Strange as it may sound, it’s not obvious that the OFW industry’s challenges will manifest in worse-than-expected deployment over the long run. That’s partly because so much of the demand for OFW is scarcity driven – governments around the world have set big goals for rolling out OFW, including hard procurement quotas in many cases. Third-party estimates from BNEF and 4C Offshore for OFW capacity additions have actually drifted higher over the last few years, though the positive revisions are weighted toward the latter half of the decade.
Another crucial piece which is generally underplayed in the press is the rapid growth of the Chinese OFW industry. Over the period from 2023-25, BNEF is forecasting China driving 60% of global OFW capacity additions, before gradually drifting down to < 25% of adds by the end of the decade. Perhaps – but I wouldn’t be surprised if Chinese capacity growth continues to surprise to the upside, while capacity additions ex China disappoint.
More deeply, I think there’s a lesson in the dangers of putting too much faith in the power of the experience curve. I was struck by this exhibit from the most recent National Climate Assessment, essentially the US Government’s version of the IPCC Report, released just the other week.
Obviously, OFW is not featured on this infographic, and nothing that’s happened year-to-date in the OFW industry directly “refutes” the (encouraging) story portrayed here in any 1:1 way. But the way this illustration is framed is telling. “Plummeting costs” solve for “economic feasibility,” which means “we know how to drastically reduce emissions.”
That renewables are now cheaper than energy from fossil fuels - or are at least on their way - has become a dominant popular narrative of the energy transition. There is no trilemma of more energy, cheap energy, and green energy - we can have all three.
This isn’t a totally unreasonable way of looking at things. Solar and onshore wind, for example, really have proved themselves as cost competitive alternatives to new gas-fired power plants, and have substantial headroom for future capacity additions, especially when paired with storage and transmission investments.

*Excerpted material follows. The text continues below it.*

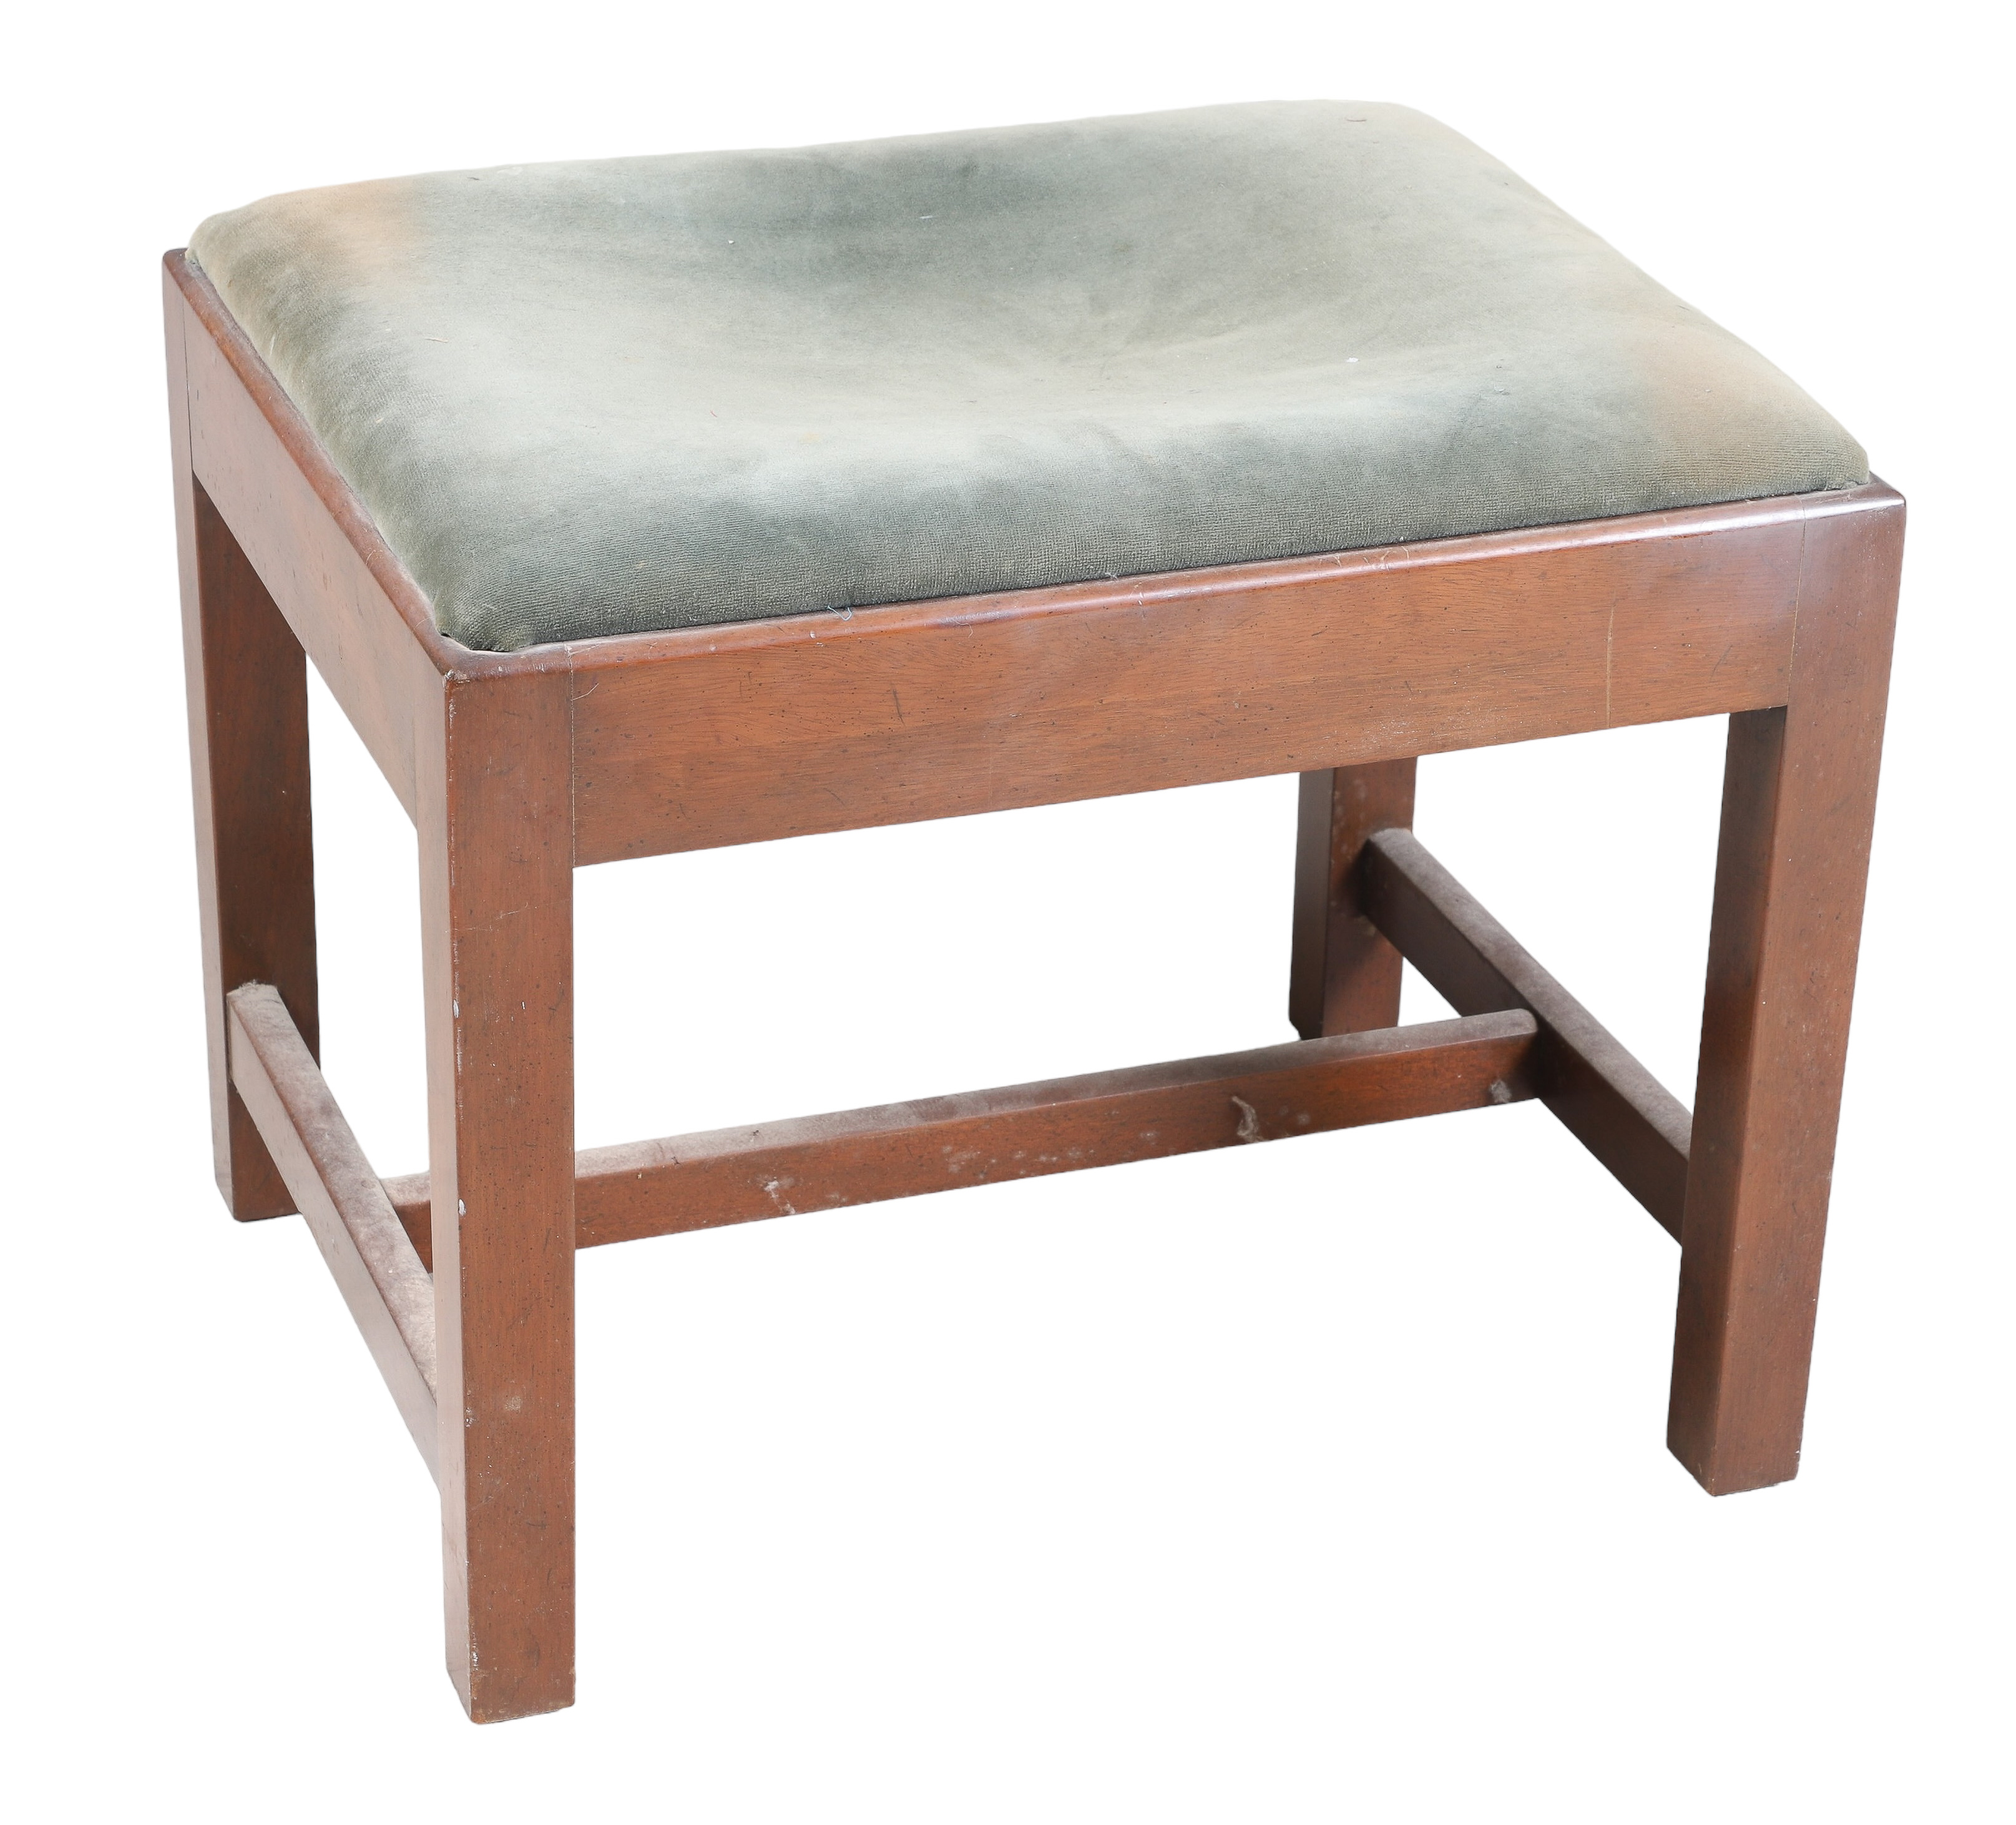 Kittinger Chippendale style footstool  2e18cc
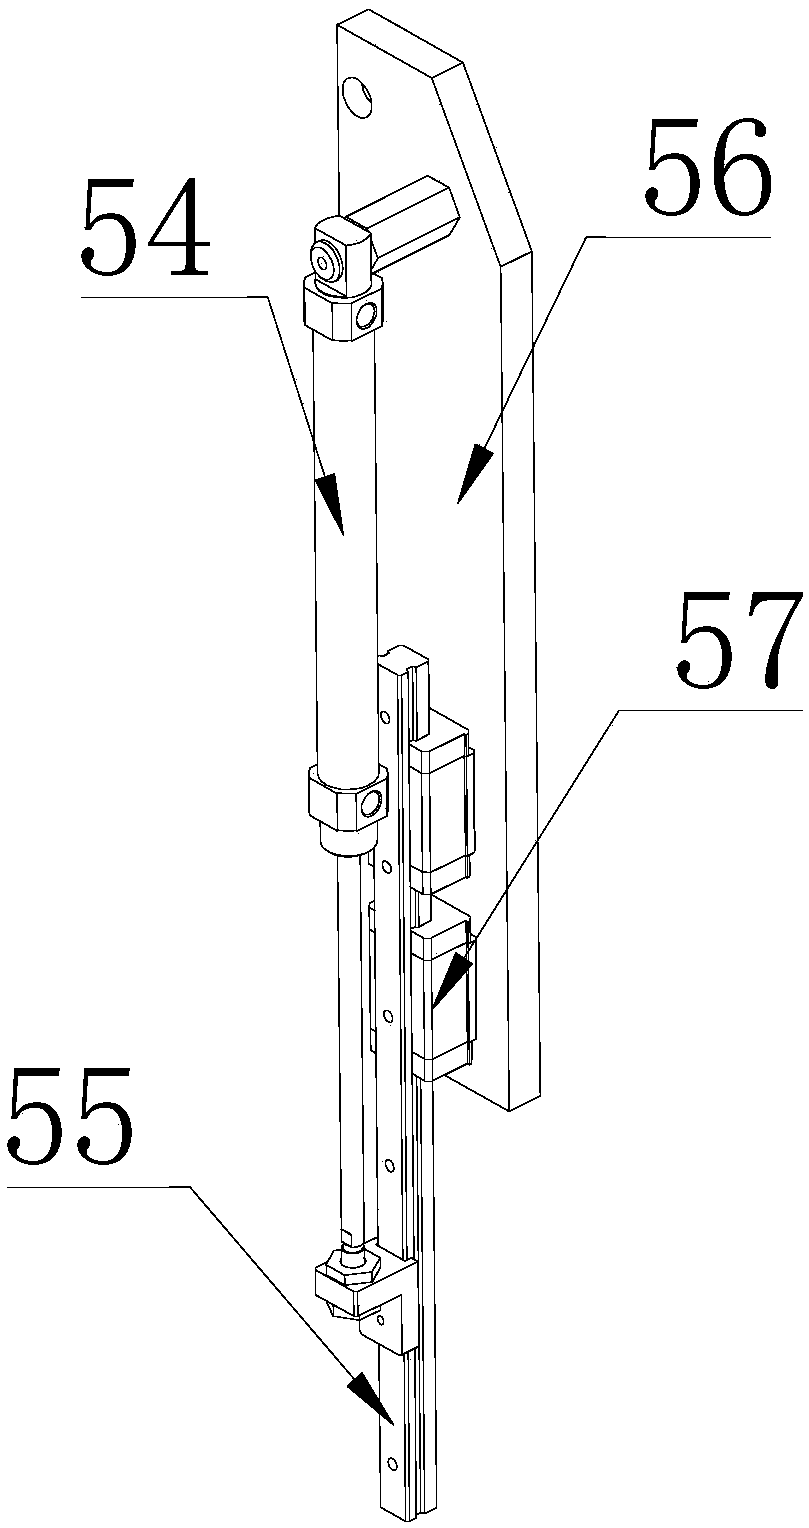 Generator rotor automatic feeding mechanism

It also is key to making the political case for subsidies directed at scaling new technologies. If subsidies buy local cost reductions due to learning-by-doing, it helps mitigate the question of zero-sum distributional conflict. Without catalyzed cost reductions, supply-side interventions to deal with market failures around investing in risky, early-stage technologies become carbon taxes by another name. Setting aside whether carbon taxes (and similar policies) are a good idea or not, there’s a reason why they have gotten far less traction than the emerging toolkit of green industrial policy.
But it can be dangerous to take ever-falling costs and ever-increasing adoption for granted. The challenges facing the OFW industry rise to the level of a “crisis” because they imply a temporality of fits and starts (or booms and busts) rather than the smooth, continuous progress many have come to expect.
The open question is how the political coalitions that are forming worldwide around visions of “green growth” will deal with the possibility that not every low(er)-emissions technology will experience the exponential cost declines that solar, batteries, and onshore wind have benefitted from. Will policymakers (and voters) still want OFW if it turns out they will have to pay >> $100/MWh for it?
Author’s modeling. Offshore wind estimates reflect global weighted average capacity factors and capital costs in 2022, from IRENA, with the latter adjusted for inflation, and O&M estimates from the 2023 NREL ATB. Capital cost and O&M estimates are from the EIA (also inflation adjusted). Both projects modeled with 60/40 debt/equity mix, 7% interest, and a 12% target equity IRR. OFW cost is unsubsidized. I assume a 42% capacity factor for the OFW plant and 55% for the gas plant, and use $3.45 gas.
Ørsted likes to talk about how they match the long-term contractual revenue of their projects with fixed-rate debt, but as with inflation indexation, this only locks in the economics of a wind farm ~at the time it’s put into service. Cost overruns between the contract award date and first power remain a serious risk for the model.